Brazilian journalist and television presenter (1932–2025)

João Baptista Bellinaso Neto, better known as Léo Batista (July 22, 1932 – January 19, 2025), was a Brazilian presenter, voice actor and announcer.

In 1970, he joined TV Globo, the country's leading TV station, where he stayed for more than 50 years. With the death of Cid Moreira, he became the broadcaster's longest-serving employee, aged 92 until his death. He was in charge of sports programs, as well as presenting some editions of the Globo Esporte program.

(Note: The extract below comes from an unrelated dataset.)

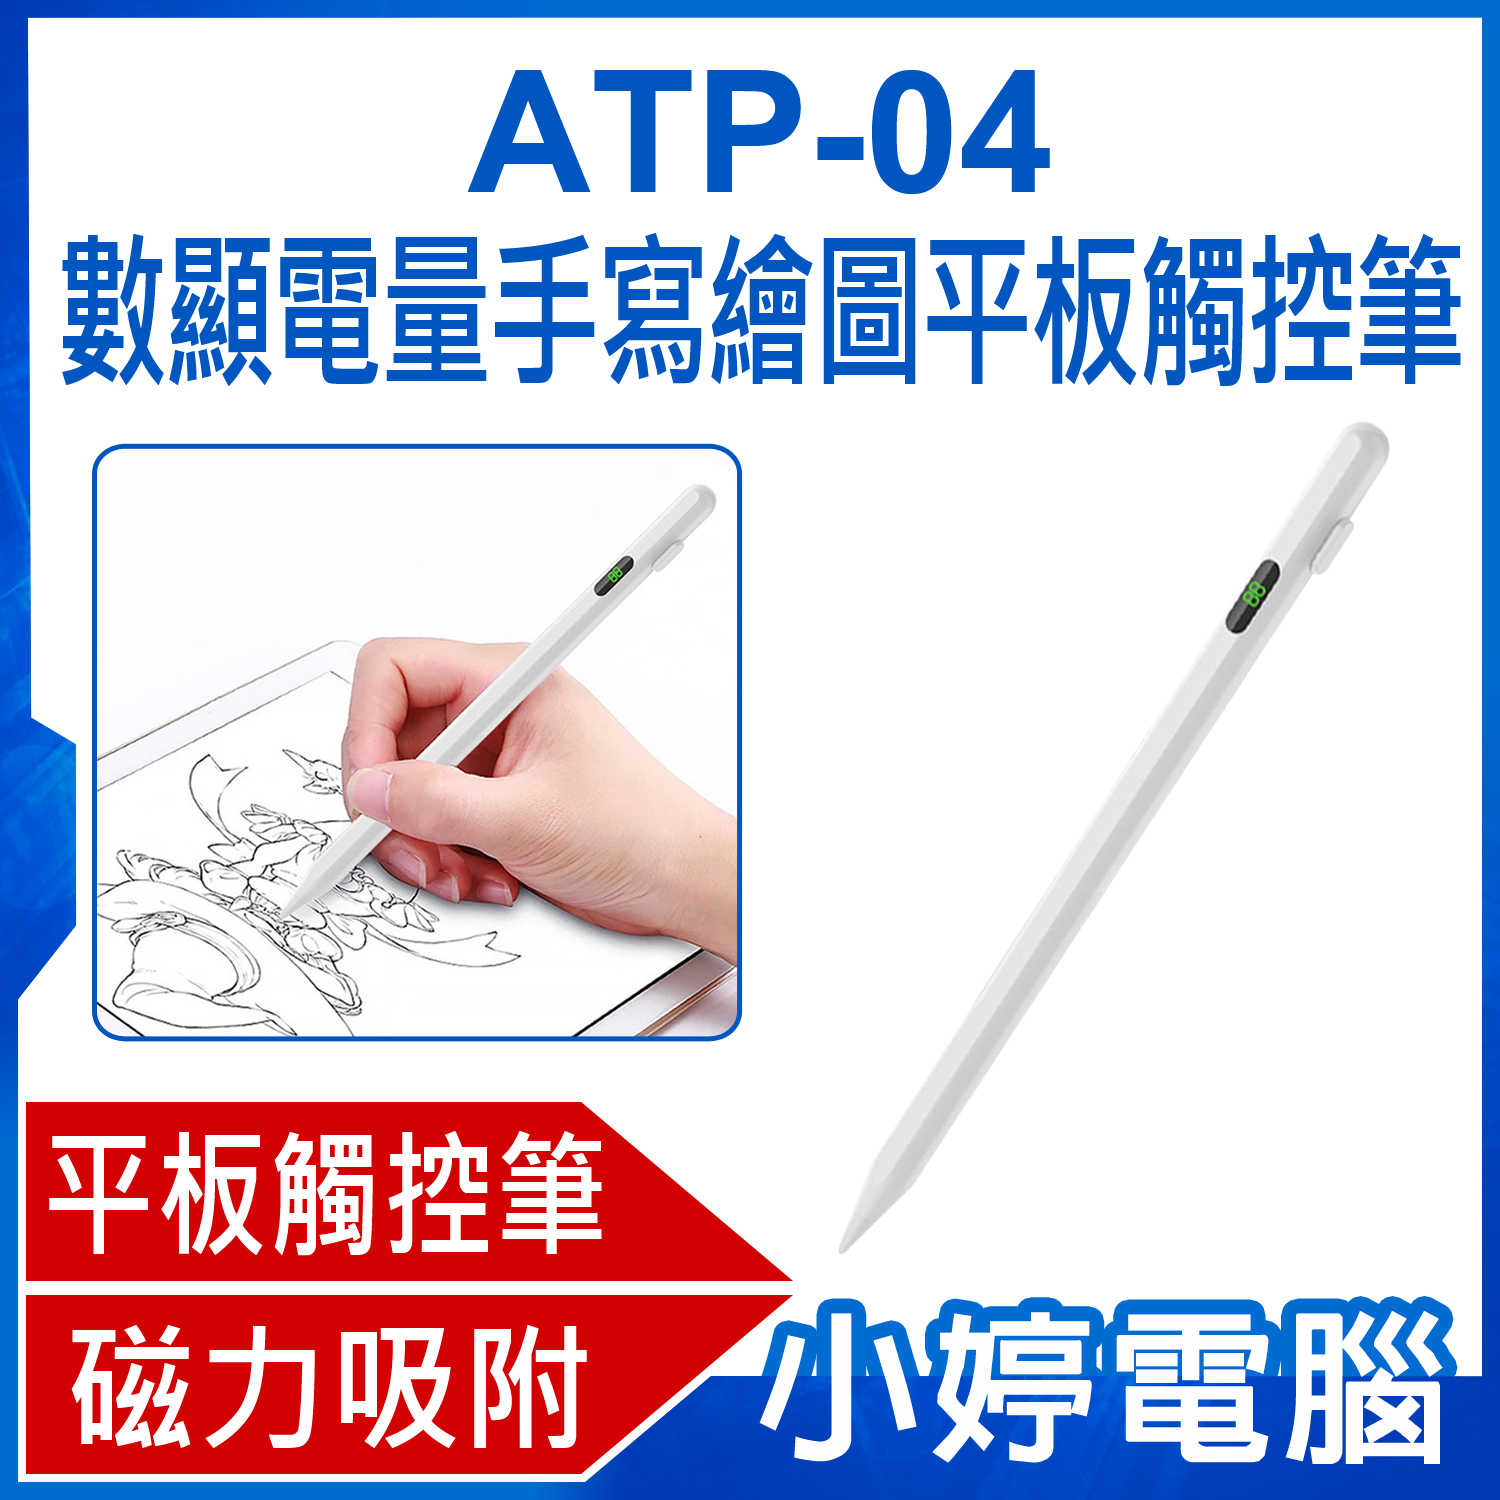 【小婷電腦】ATP-04 數顯電量手寫繪圖平板觸控筆 iPad適用 蘋果專用平板電容觸控畫筆/書寫筆/電繪筆

Léo was one of the journalists who broadcast Garrincha's first official soccer match. He was a Botafogo fan.

== Biography ==

=== Early years ===
Son of Italian immigrants Antonio Bellinaso and Maria Rivaben, João Baptista was born in the interior of São Paulo in the then district of Cordeiro, in the municipality of Limeira. The pseudonym "Léo" came from his sister's name, Leonilda – "she hates her name, Leonilda, and we only call her Nilda. I took her 'Léo', left João Bellinaso Neto aside, and became Léo Batista" – said Léo. He moved to Campinas to study. During this time he worked as a waiter and "handyman" in a boarding house that belonged to his father.

In 1947, he made his debut on the microphone at the invitation of a cousin, Antonio Beraldo, known as Toninho, who opened a loudspeaker service in Cordeirópolis, something very common in small towns. The studio was in a square near his father's boarding house. Léo was the last to take the test. He read an ad, performed a song, and got the opportunity to broadcast news. His cousin liked it and said that he would be the announcer. Léo said he thought he was crazy just to think of presenting this idea to his father, Antonio Francesco Belinaso, who was already upset that he had left school to become a waiter.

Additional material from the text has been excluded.